On 1/5/06, Cliff Wells <[EMAIL PROTECTED]> wrote:
> What I took away from this article is the sense that while David is a
> brilliant programmer with an uncanny sense of where to ride the line on
> many ideas, he's not really a database guy.  In fact, I'd say he'd
> probably happily agree, judging from the tone of the article.  I think
> his view, while interesting in a very abstract "we're not talking about
> real databases with real, important data" sense has some merit.
> However, I think the notion of an "application database" is a fallacy,
> unless you are just talking about the database for a blog or some other
> highly specific, non-enterprise type of application.

Actually, I do think that both styles (application database,
integration database) have merit for certain apps. Here's where
application databases make some amount of sense:

1) newfangled, "Web 2.0" applications and web services. Things like
Backpack (surprise, surprise!), where the application serves a
distinct purpose and lives out on the net. Data I/O is all done via
web requests that go through the application code, which ensures the
integrity of the data (to whatever extent it has been programmed to do
so).

2) small office applications. I did a lot of work on billing systems
for doctors offices. Those systems are (or, at least, were) quite
self-contained and the people in the office tended to use those apps
for everything and not be computer literate enough to do much outside
of there beyond word processing. (That's a generalization, certainly.)

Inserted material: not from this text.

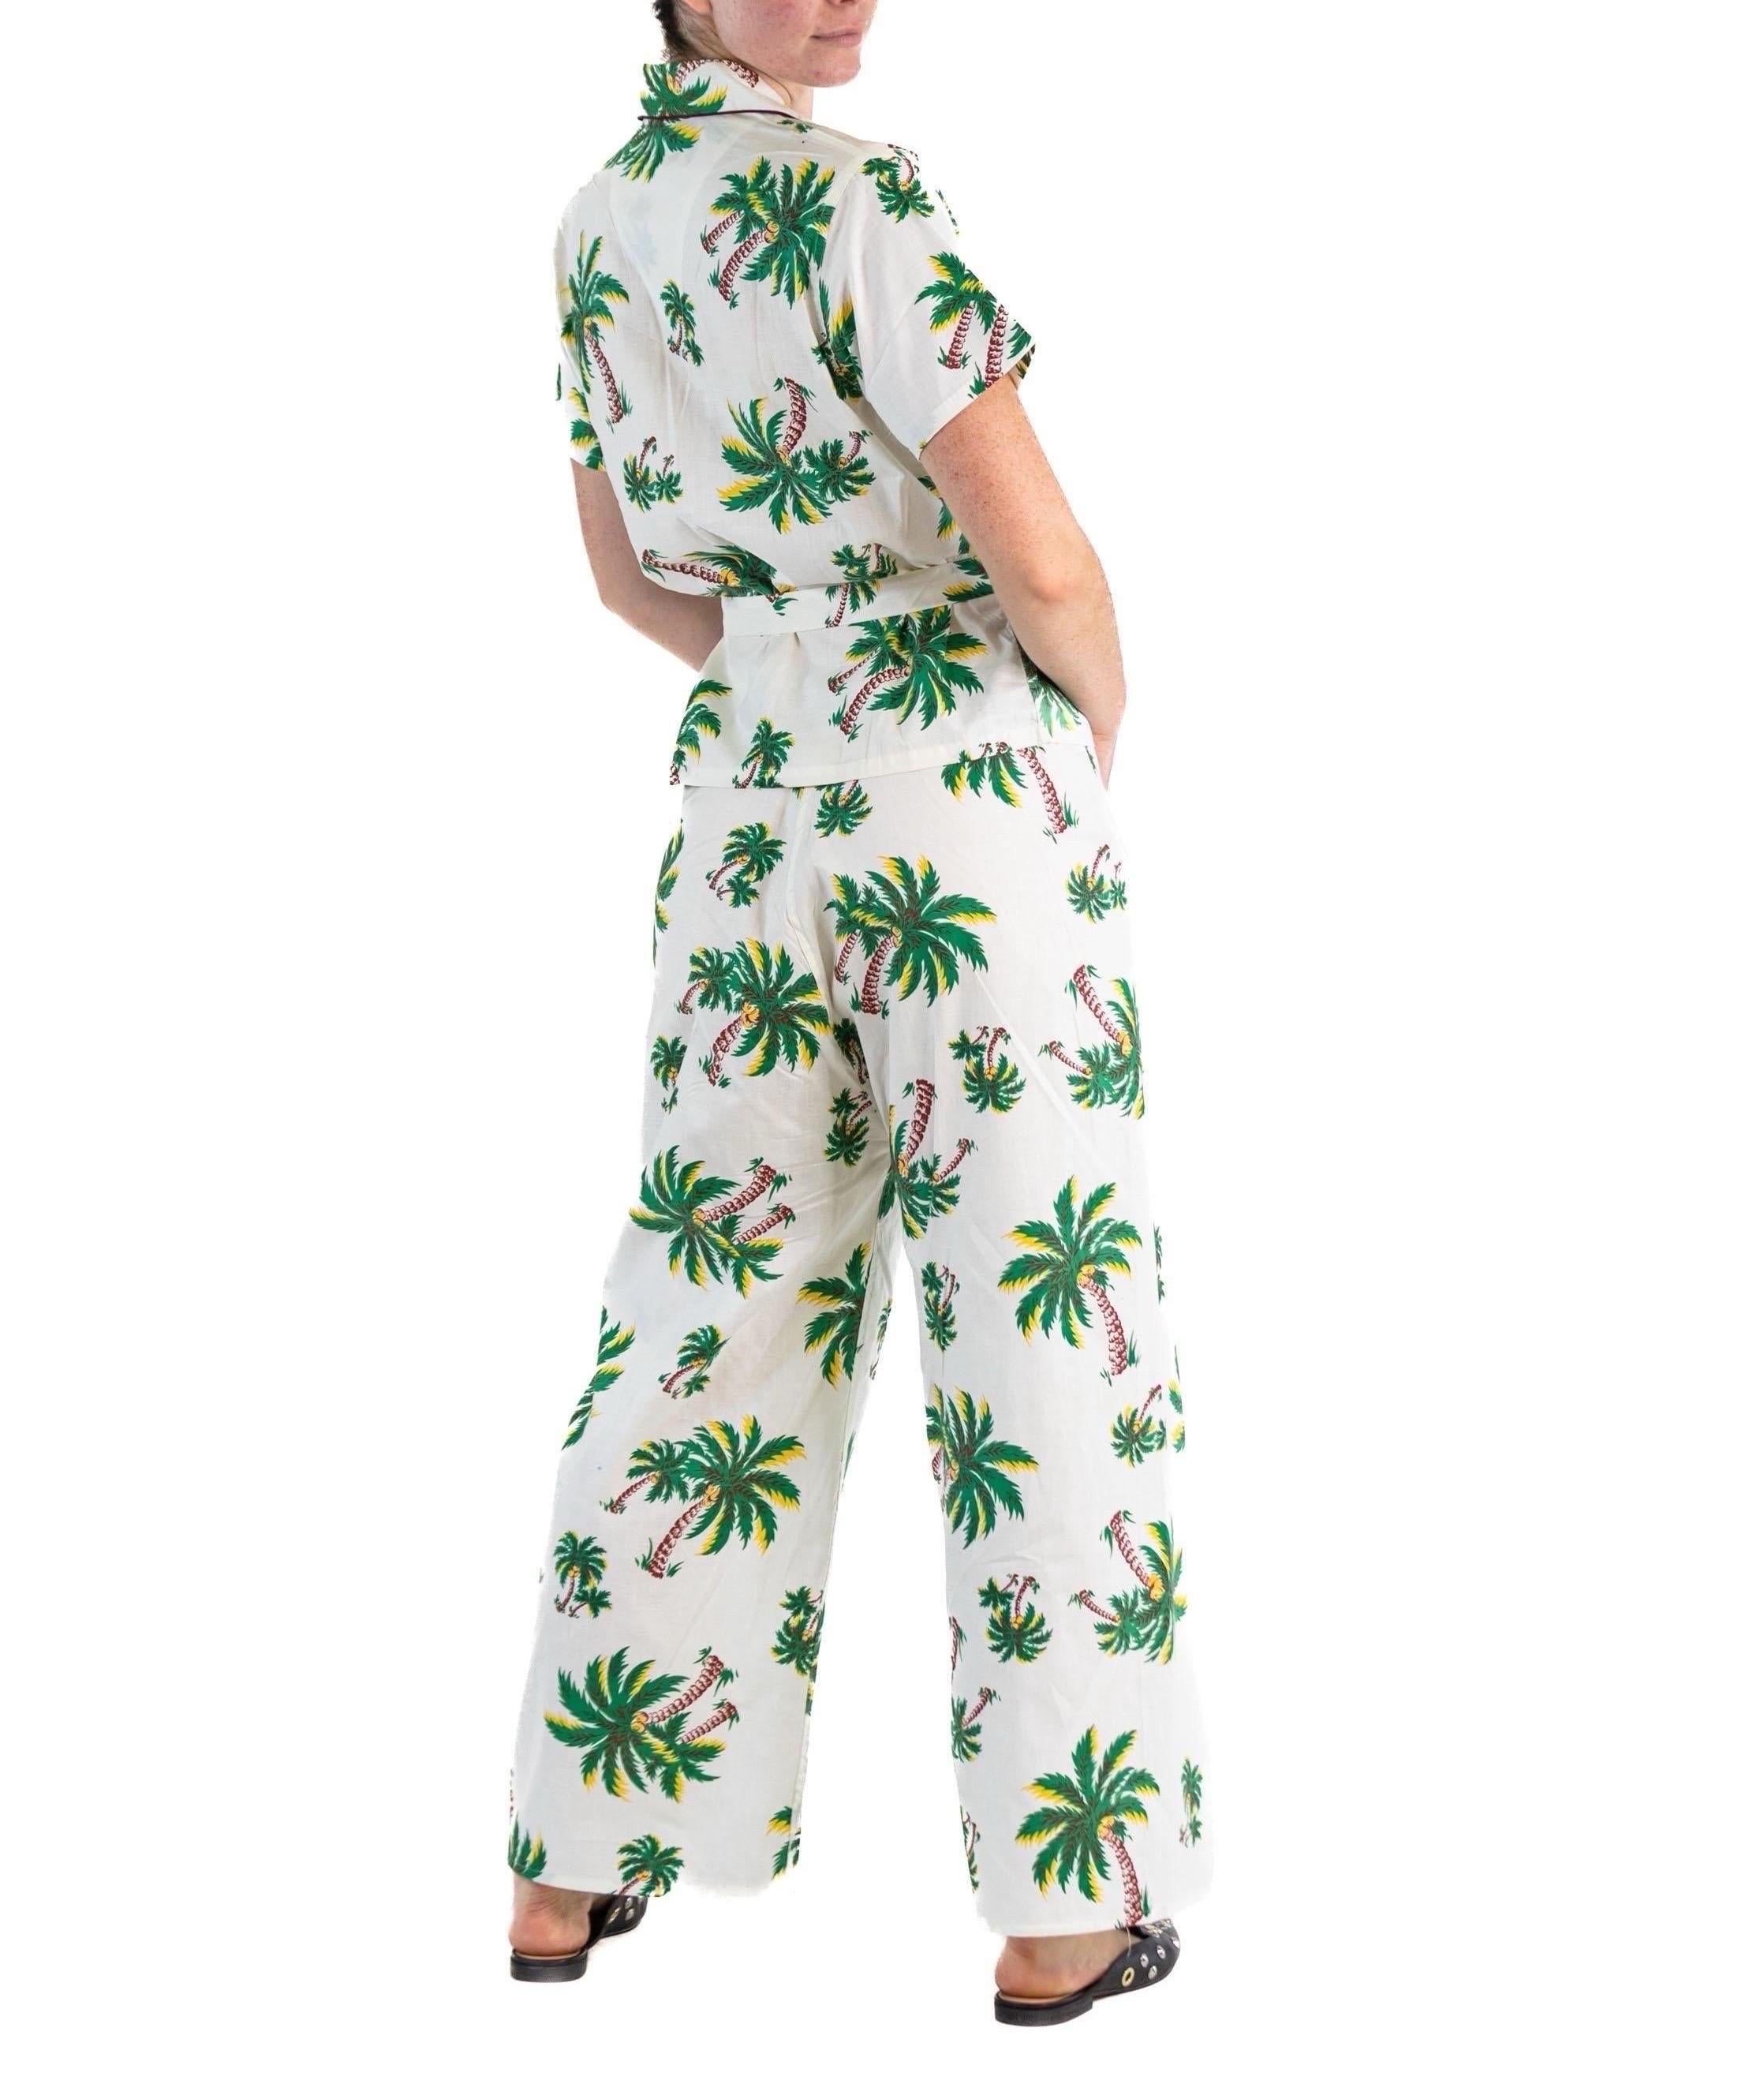 1940S CAROL BRENT White Deadstock Cotton Palm Tree Pajamas With Tassel Belt For Sale 4

Now, these two points are what you mean by "highly specific,
non-enterprise type of application", but I wanted to break it out more
and emphasize that there's *a lot* of this, and #1 is still a growing
category.

The larger the organization, the more likely it is to move into the
"integration database' category. A big organization *could* decide to
expose the database entirely via web services and use that layer to
maintain the database, or it could opt to move more into stored
procedures, triggers and the like to make the database engine do the
work. So, even within big organizations, there's still a choice to be
made that could enable the "application database" perspective.